Segment Open

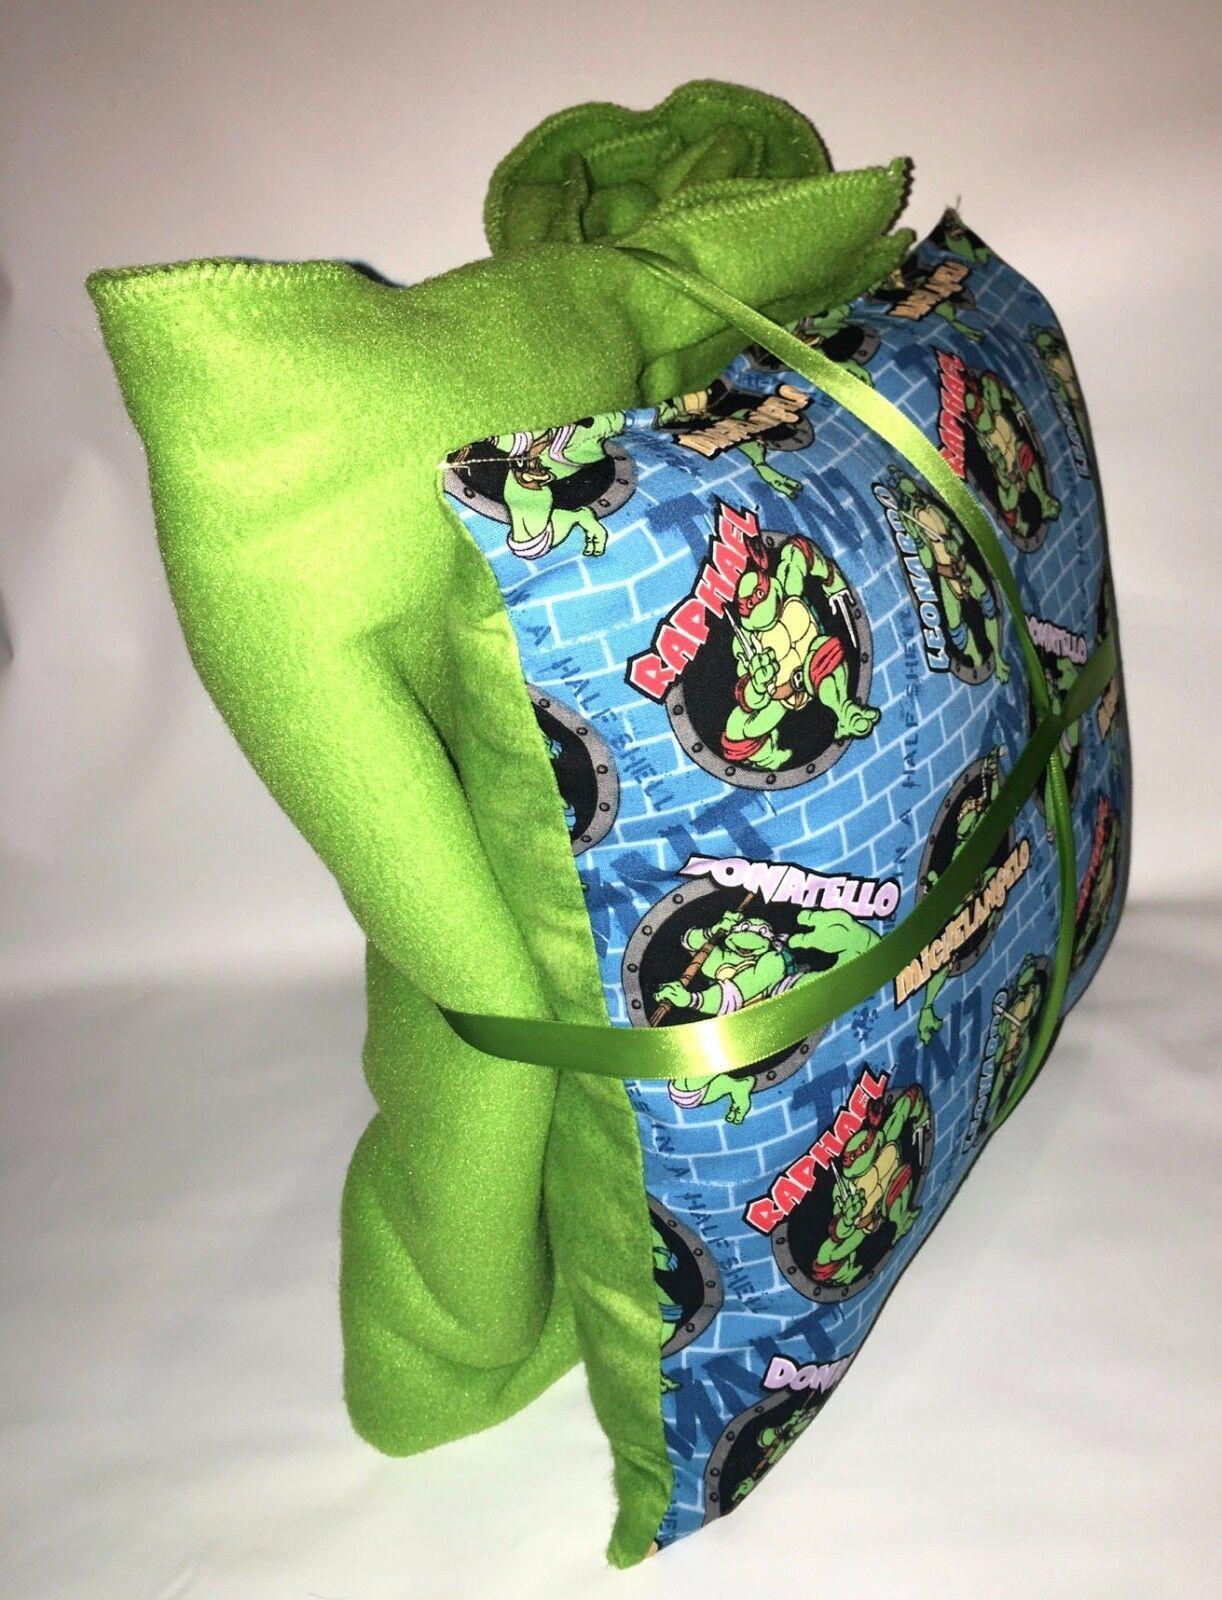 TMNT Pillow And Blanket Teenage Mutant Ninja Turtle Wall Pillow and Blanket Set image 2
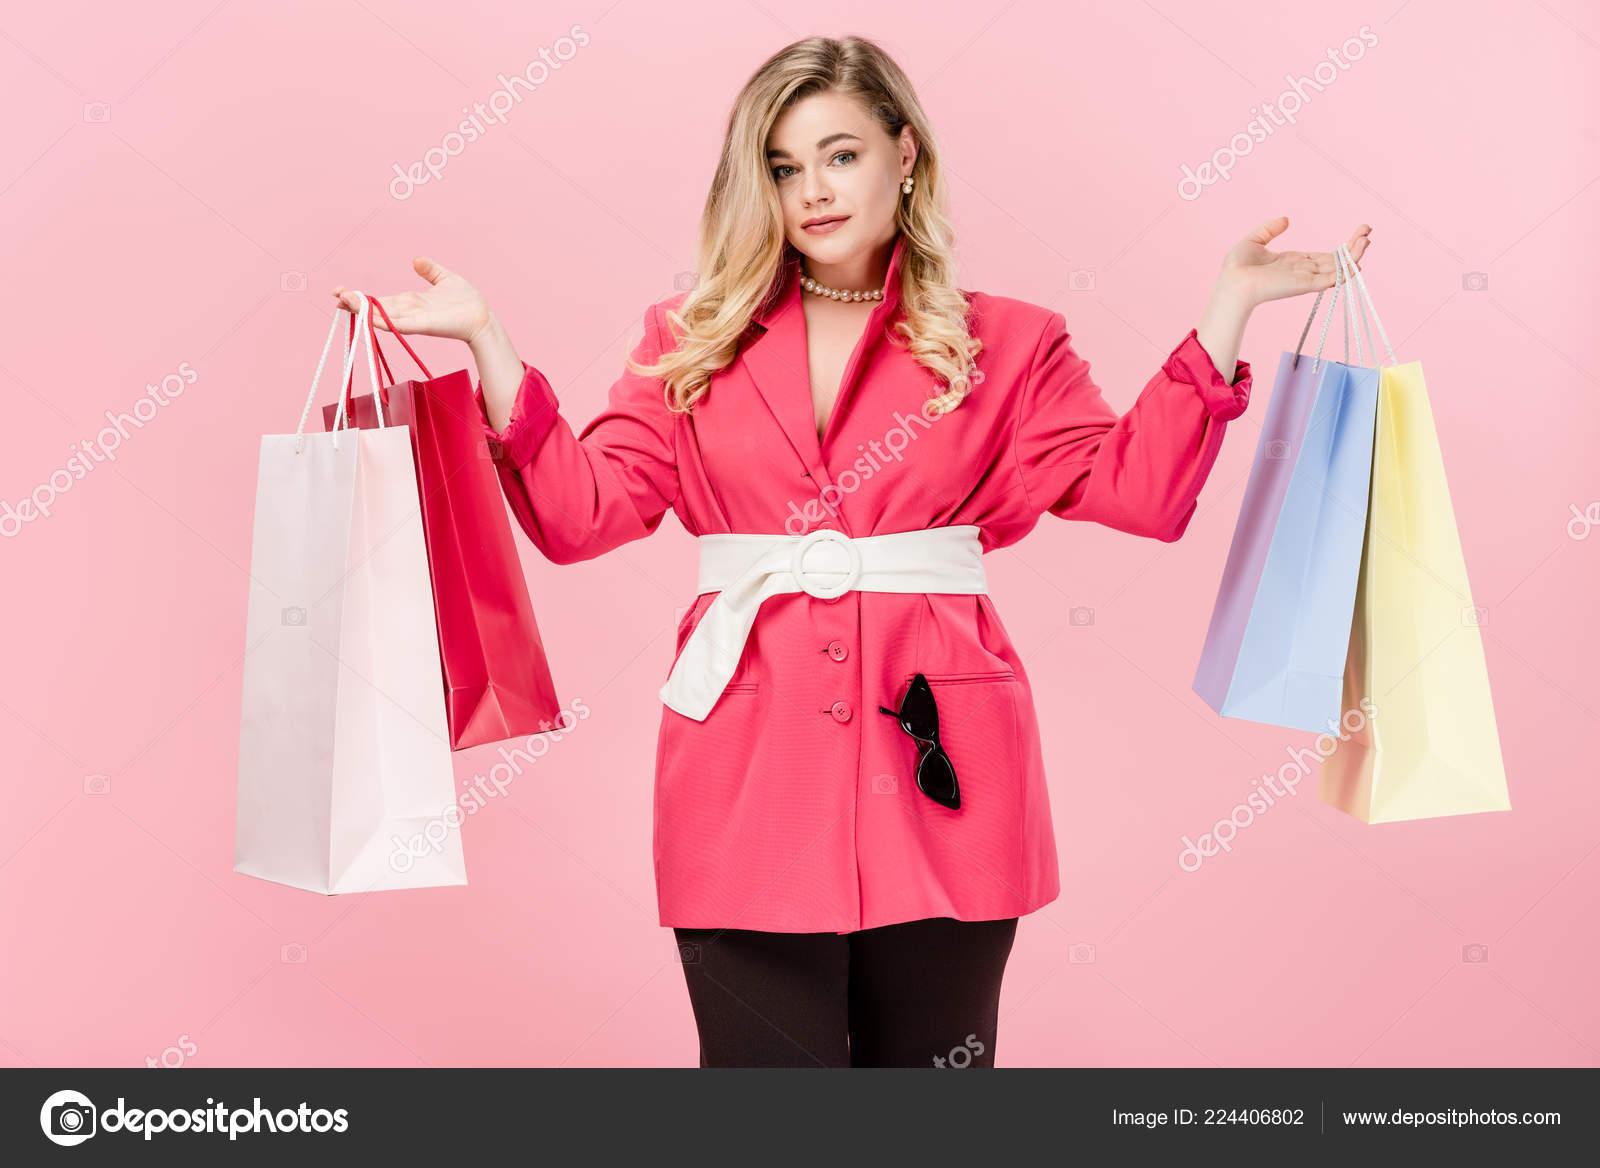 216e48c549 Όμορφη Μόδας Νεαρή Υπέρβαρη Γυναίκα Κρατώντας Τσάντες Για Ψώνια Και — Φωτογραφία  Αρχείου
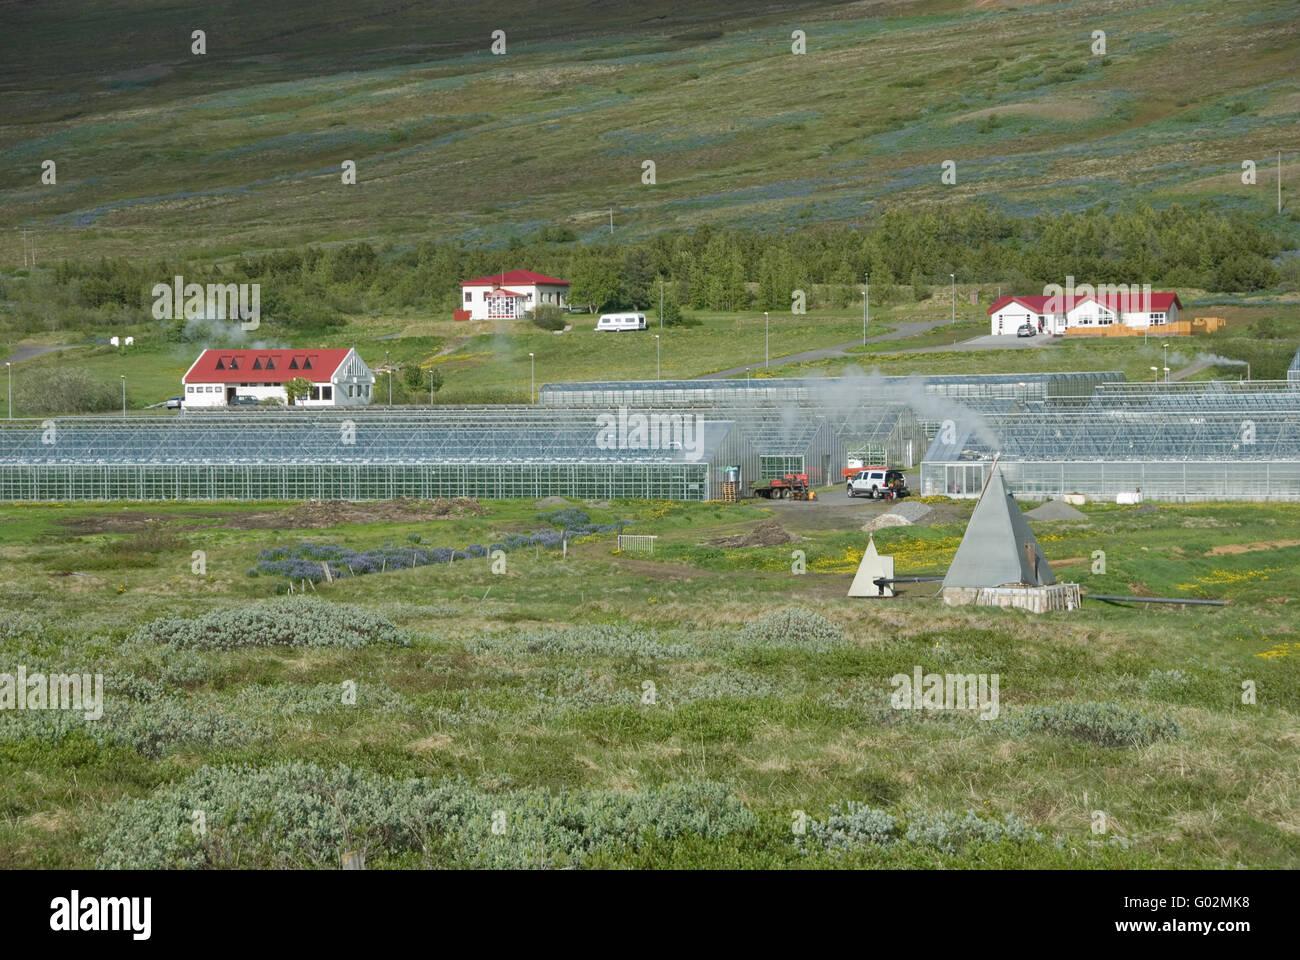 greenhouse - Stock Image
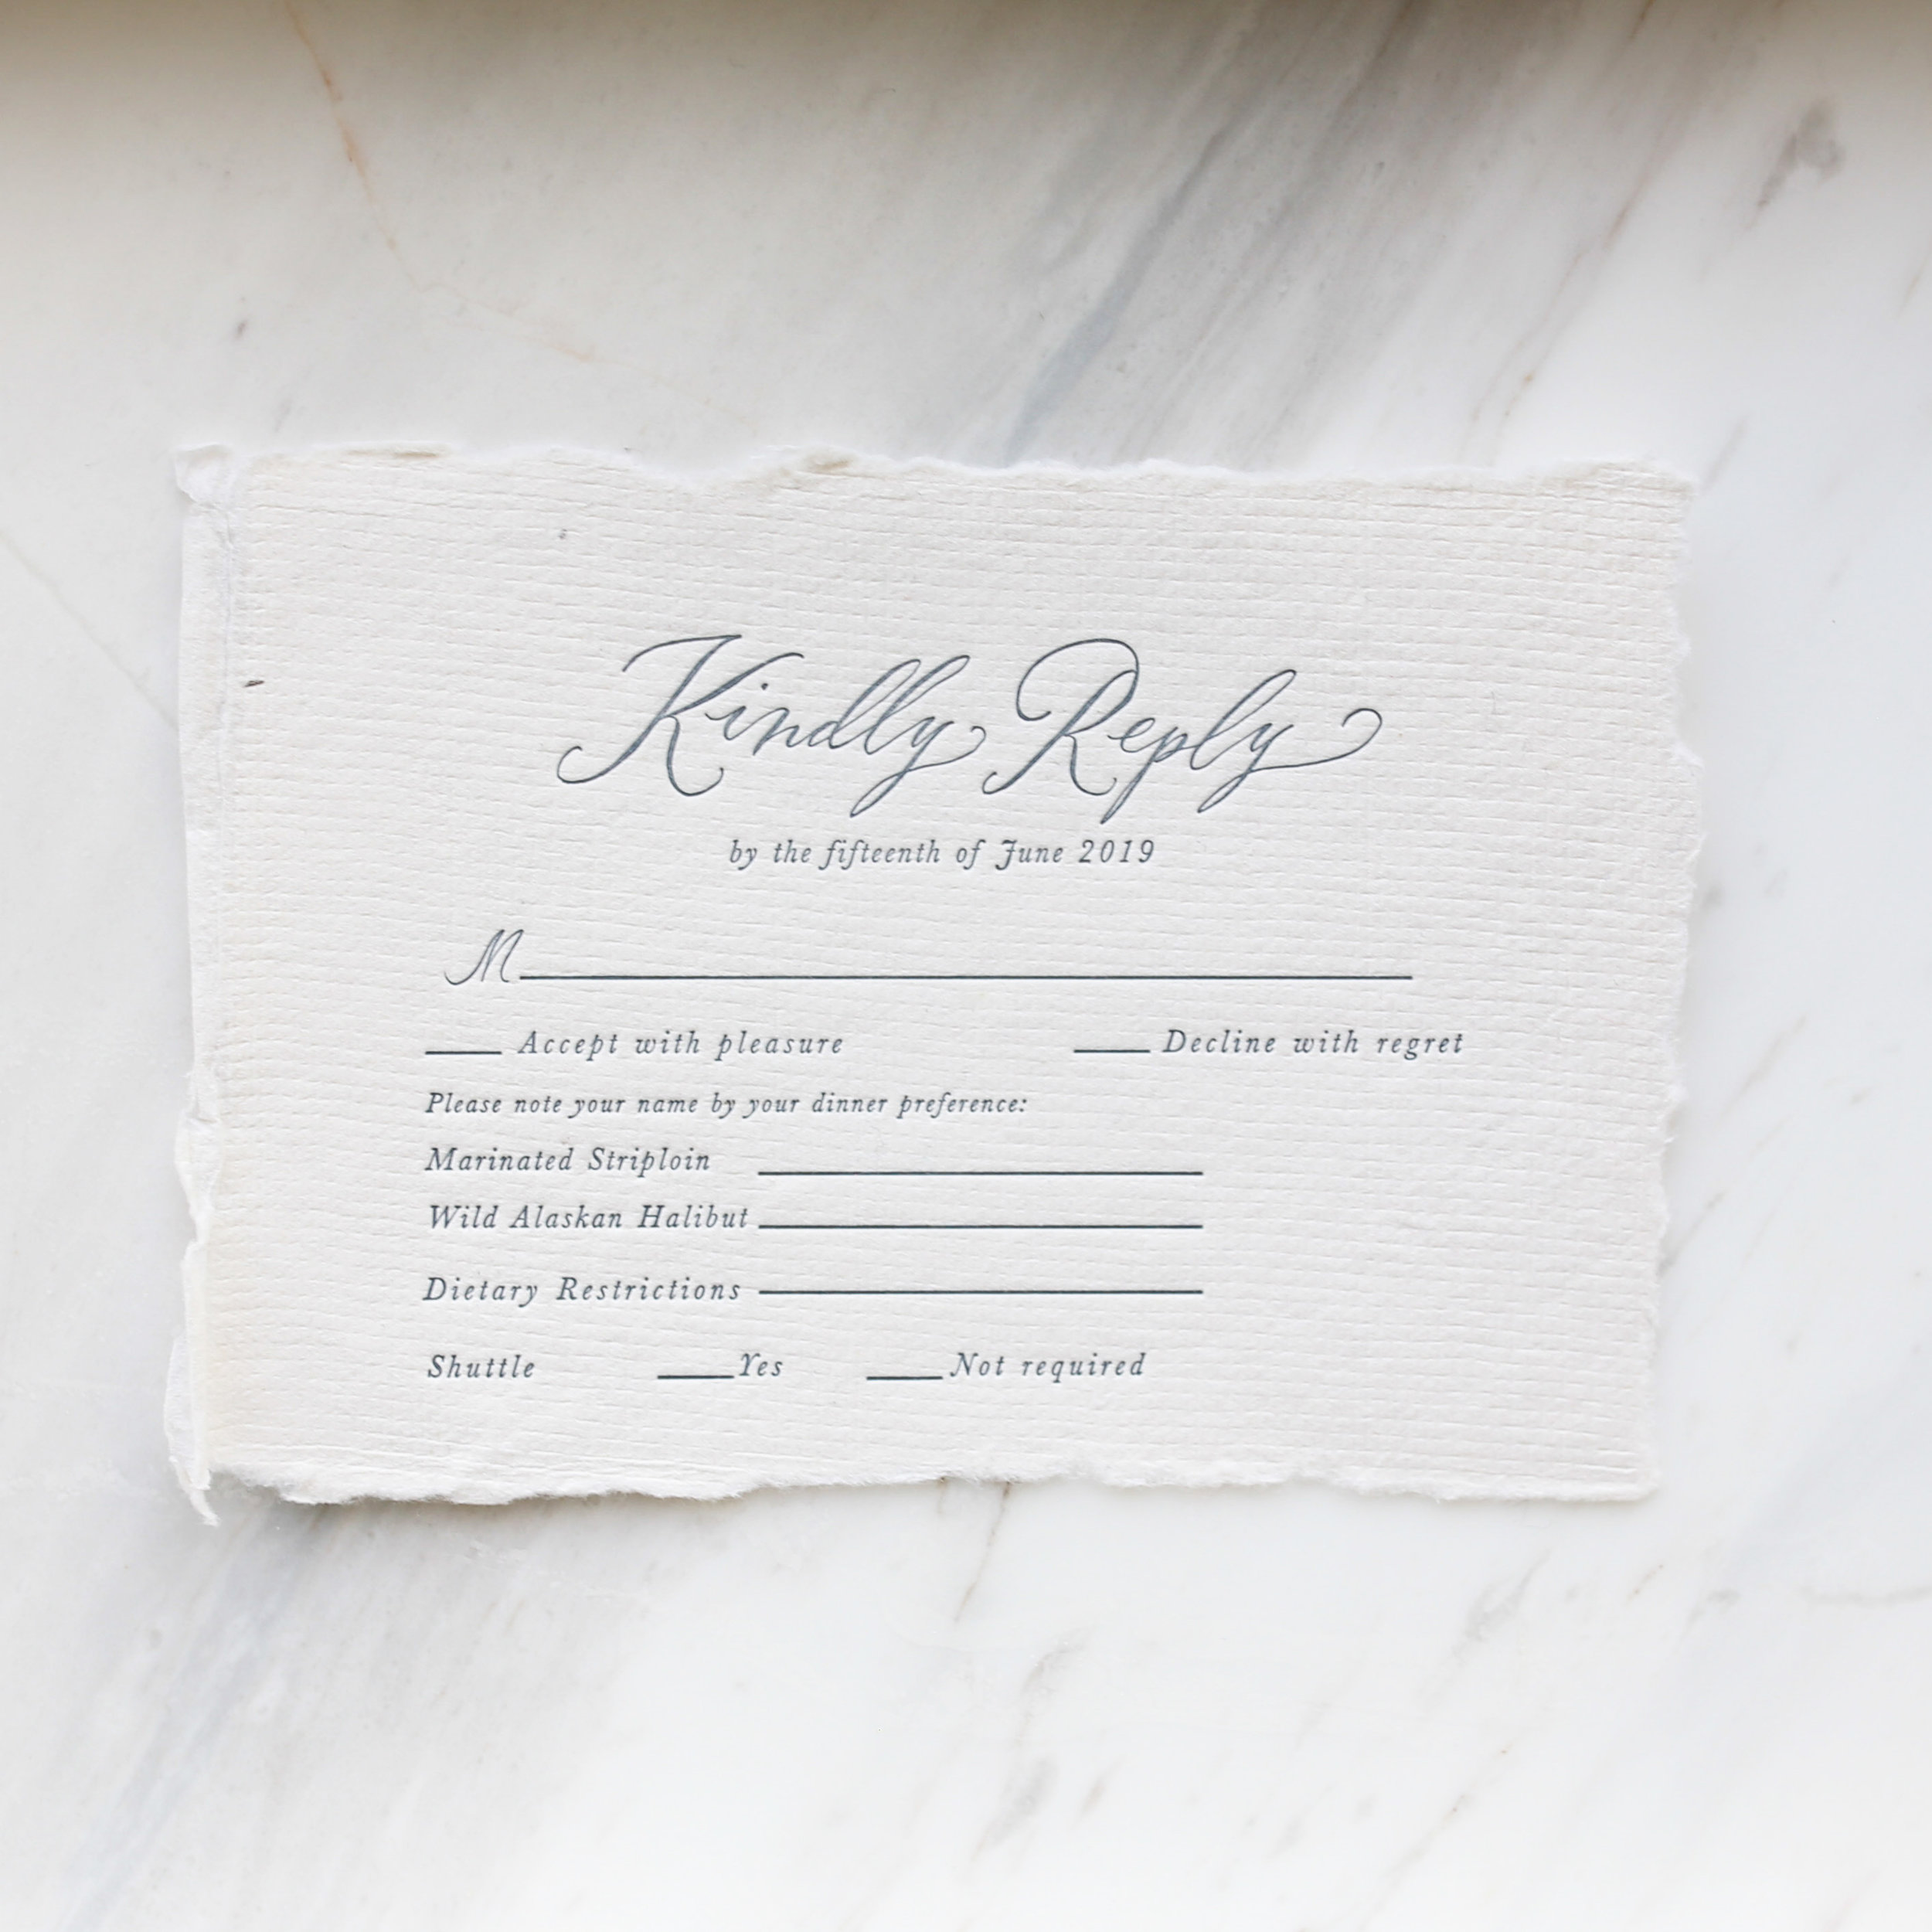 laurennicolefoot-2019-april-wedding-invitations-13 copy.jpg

Segment Closed

## Aim of the exercise
Write out the material exactly, excluding pictures.

## Solution for this task
 TMNT Pillow And Blanket Teenage Mutant Ninja Turtle Wall Pillow and Blanket Set image 2
 216e48c549 Όμορφη Μόδας Νεαρή Υπέρβαρη Γυναίκα Κρατώντας Τσάντες Για Ψώνια Και — Φωτογραφία  Αρχείου
 greenhouse - Stock Image
 laurennicolefoot-2019-april-wedding-invitations-13 copy.jpg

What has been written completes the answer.